COFFRET CLASSIQUE DU CINEMA HONGROIS VOL. 2

De : Collectif

Hongrie, 1964-1975,
Zone 2,
30.00 €


Coffret classiques du cinéma hongrois vol. 2 (5 films)

La collection hongroise rassemble, souvent en première mondiale en DVD, les chefs-d’oeuvre du cinéma hongrois de la fin des années 50 au début des années 70. Masters restaurés, nouveaux sous-titres et livrets d’analyse inclus. Le cinéma hongrois a alors vécu son âge d’or, avec l’éclosion d’une série de grands maîtres, mais les films furent ensuite pour la plupart bloqués dans leur pays jusqu’à aujourd’hui.

SINDBAD Zoltan Huszarik
90 mn • 1971 • Couleur • VOSTF
Prix Joseph von Sternberg Mannheim 1972

A l’heure de sa mort, Sindbad, Don Juan hongrois et héros proustien, se balade dans ses souvenirs, rendant visite à toutes les femmes courtisées au cours de sa vie…

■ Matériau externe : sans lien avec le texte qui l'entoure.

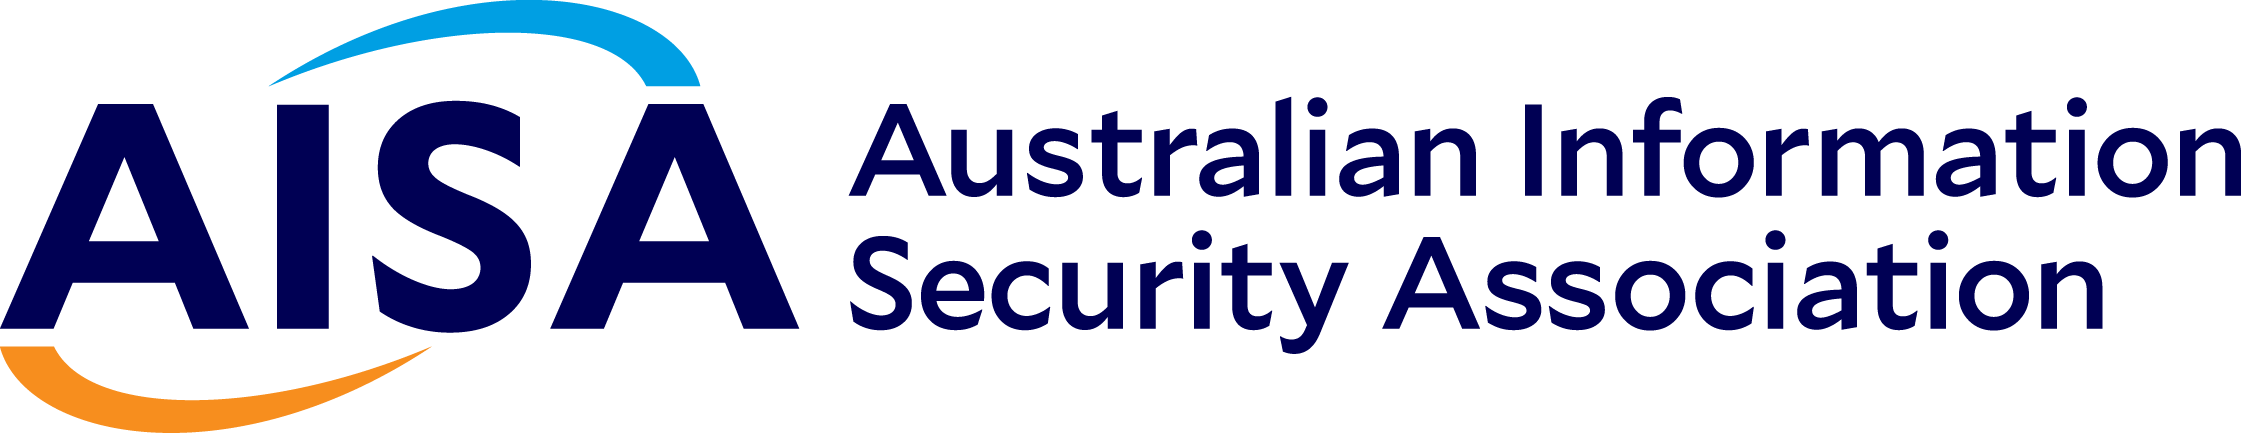 Logo da Australian Information Security Association (AISA)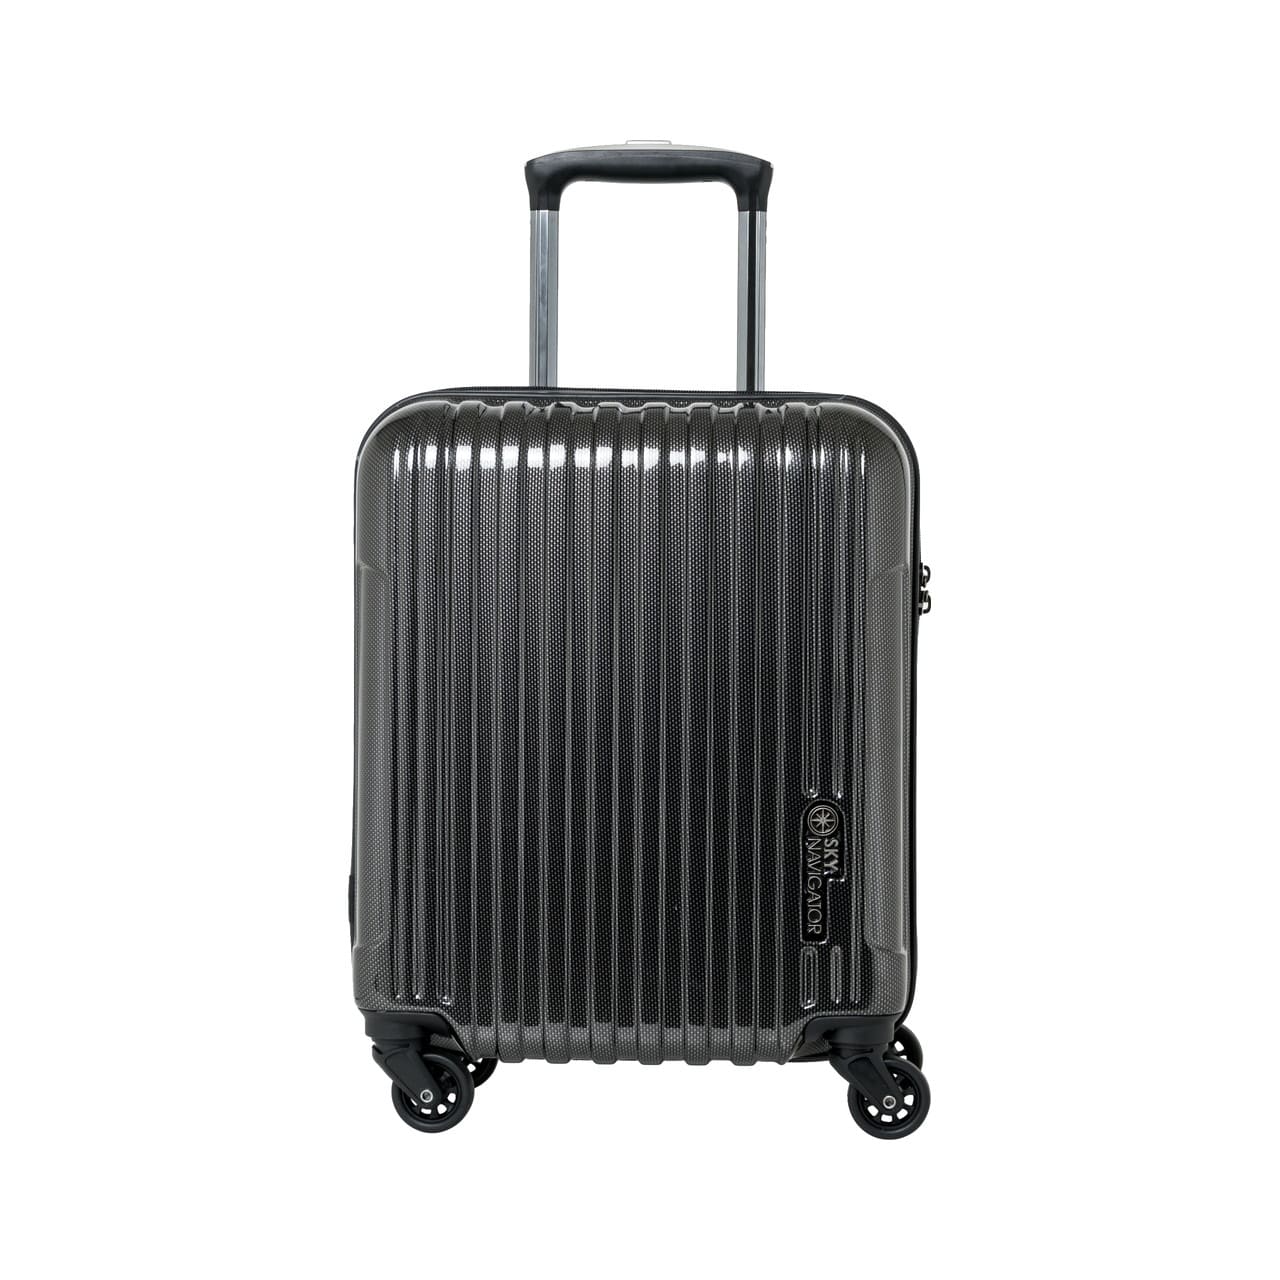 SKYNAVIGATORのスーツケースSK-0722-41のブラックカーボンの正面画像

Oeuvre nostalgique, sensuelle, iconoclaste, tourmentée, mêlant soif de vivre et profonde mélancolie, SINDBAD est l’expression d’une personnalité singulière. Zoltán Huszárik ressuscite le héros des nouvelles de Gyula Krúdy, figure novatrice de la littérature hongroise moderne. Le film, très moderne, mêlant les strates temporelles, est devenu culte.


ADOPTION Marta Meszaros
89 mn • 1975 • N&B • VOSFT
Ours d’or Festival de Berlin 1975

Kata, ouvrière de 42 ans dans une usine de menuiserie, éprouve le besoin éperdu d’avoir un enfant. Mais Joska, son amant, déjà marié et père de deux enfants, refuse. Elle rencontre Anna, une adolescente issue d’un foyer pour délinquantes. Elle s’attache à la jeune femme et décide de l’aider…

Le film de Márta Mészáros dénonce les conséquences amères pour les femmes de plusieurs siècles d’inégalités. Ses personnages de femmes incarnent l’inquiétude sociale, luttant pour leur émancipation. Avec une écriture très personnelle faite de tact, de sensualité et de chaleur, la caméra, attentive aux gestes spontanés scrute avec tendresse les visages, les regards et l’âme des personnages.


L'AGE DES ILLUSIONS Istvan Szabo
95 mn • 1964 • N&B • VOSFT
Léopard d’argent Festival de Locarno 1965

Jancsi, en même temps que trois de ses amis, diplômés et embauchés dans la même entreprise, entre dans la vie adulte avec ambition, prêt à multiplier les conquêtes féminines et à se battre contre la médiocrité ambiante…

Parmi les premiers à utiliser le langage de la Nouvelle Vague française, L’ÂGE DES ILLUSIONS, discret hommage à Truffaut, laisse deviner les marques laissées par le fascisme, le stalinisme puis l’insurrection écrasée de 1956. Szabó observe avec tendresse ses personnages négocier douloureusement le passage de la jeunesse à l’âge adulte, saisissant l’évolution d’une relation et la fragilité du bonheur.


JOURS GLACES Andras Kovacs
110 mn • 1966 • N&B • VOSTF Meilleur acteur, Grand Prix du Film Hongrois 1967

1946. Trois officiers et un caporal de nationalité hongroise, présumés complices et coupables de la mort de milliers de personnes attendent en prison leur jugement… 3 300 personnes furent en effet exécutées en janvier 1942 dans la terrible « opération de nettoyage » d’Újvidék (Novi Sad)…

Le langage filmique dépouillé et maîtrisé contraste avec la violence du propos. JOURS GLACÉS interroge sur la part de responsabilité dans les atrocités commises au nom d’un gouvernement, et en dernier ressort sur une tragédie intime, posant la question toujours pertinente de la faute et de la culpabilité.


LES FAUCONS Istvan Gaal
Prix du Jury Festival de Cannes 1970
95 mn • 1970 • Couleur • VOSTF Prix du Jury Festival de Cannes 1970

Un étudiant en ornithologie entreprend un stage d’été auprès d’un fauconnier qui dresse ses rapaces dans la steppe déserte. Il est d’abord fasciné par les qualités de son chef, obsédé par son métier, jusqu’à ce qu’il découvre son extrême cruauté...

La complexité de la bande sonore, l’image très mobile qui épouse la vastitude des plaines hongroises et la mise en scène concourent à une oeuvre singulière : un poème d’espace et de couleur, un film tendu et dépouillé, une méditation vibrante sur le pouvoir et la violence, critique d’un gouvernement des hommes les réduisant à de simples exécutants, bercés par l’apparence de leur liberté.